В мое отсутствие хутор успел превратиться в целый городок.
— Ничего не помню... Какой сейчас год? — переспросил я смущенно. — По голове так били, что имя родной мамы забылось...
- Тридцатый ныне, уважаемый.
Это объясняло и превращение хутора, и странный наряд чумака. Предатели вычеркнули из моей жизни почти пять десятков лет!
— А Тимофей до сих пор гетман? – на всякий случай переспросил я.
- Тимофей Хмельницкий?
Муж одарил меня участливым взглядом, после чего предложил баклагу.

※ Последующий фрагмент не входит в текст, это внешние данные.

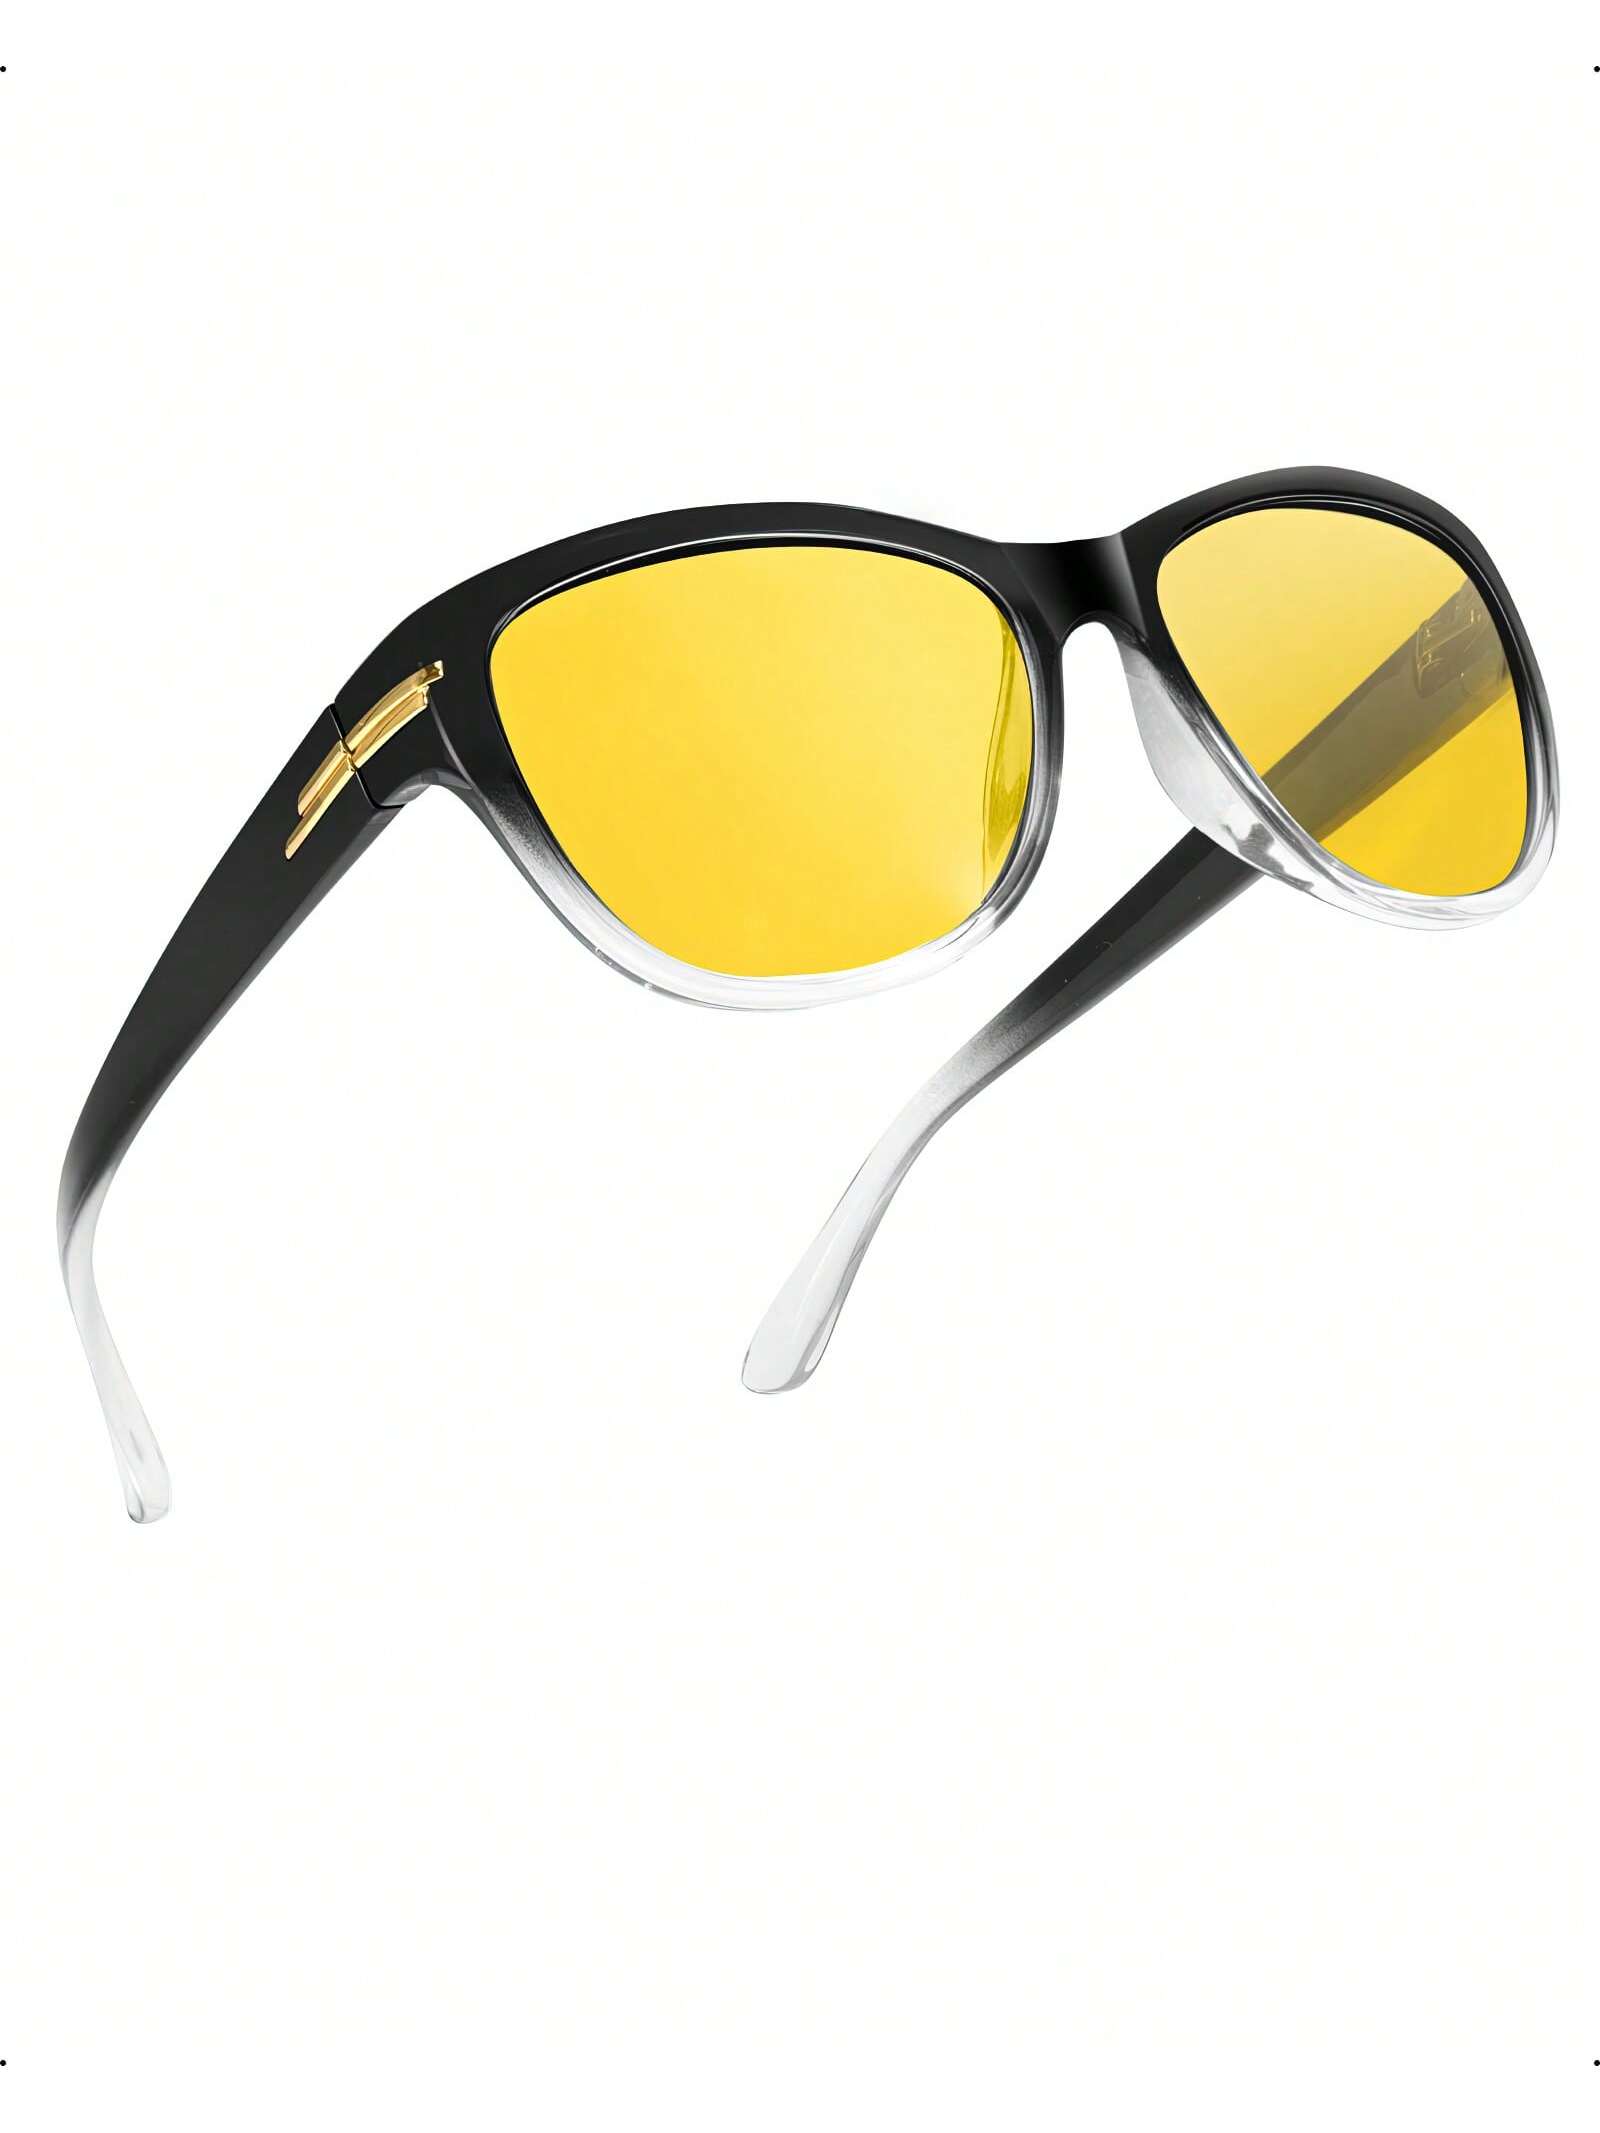 LVIOE 1 пара очков для ночного вождения для женщин и мужчин антибликовые поляризационные желтые очки ночного видения для ночного времени LN2317 фото
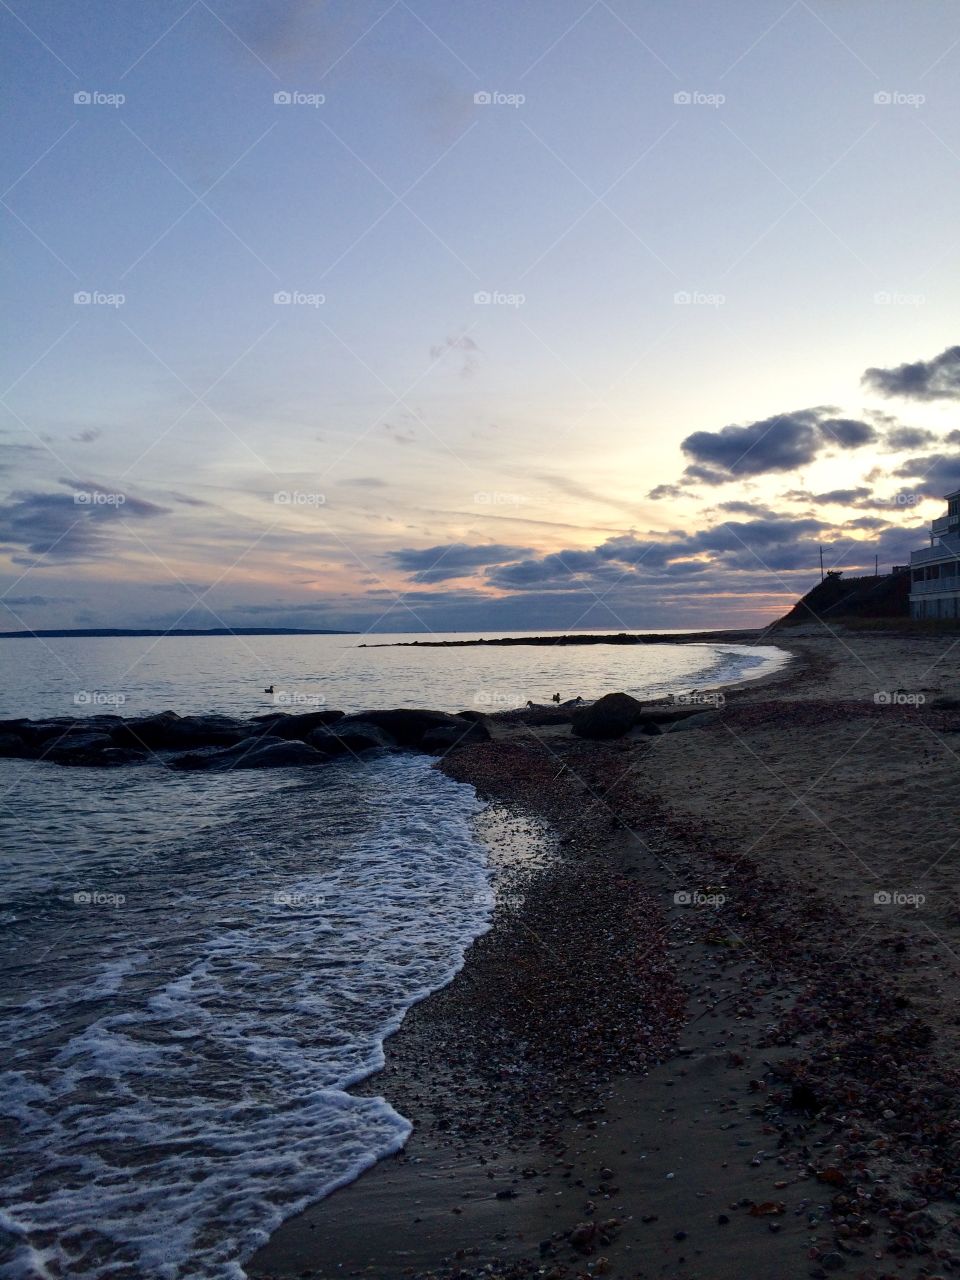 Falmouth Massachusetts Beach at Sunset

Первое питье за полвека!
— Крепко вам по казану настукали, да? Тем временем сто лет как мертвый.
Я чуть не подавился. Выходит, что... Прошло не пятьдесят... А все сто пятьдесят лет!
Добросердечный чумак привез меня к себе, согрел полные корыта, подарил старые одежды, накормил и уложил спать. Я поблагодарил его за милосердие, но уснуть не мог, напуганный миром, в который попал.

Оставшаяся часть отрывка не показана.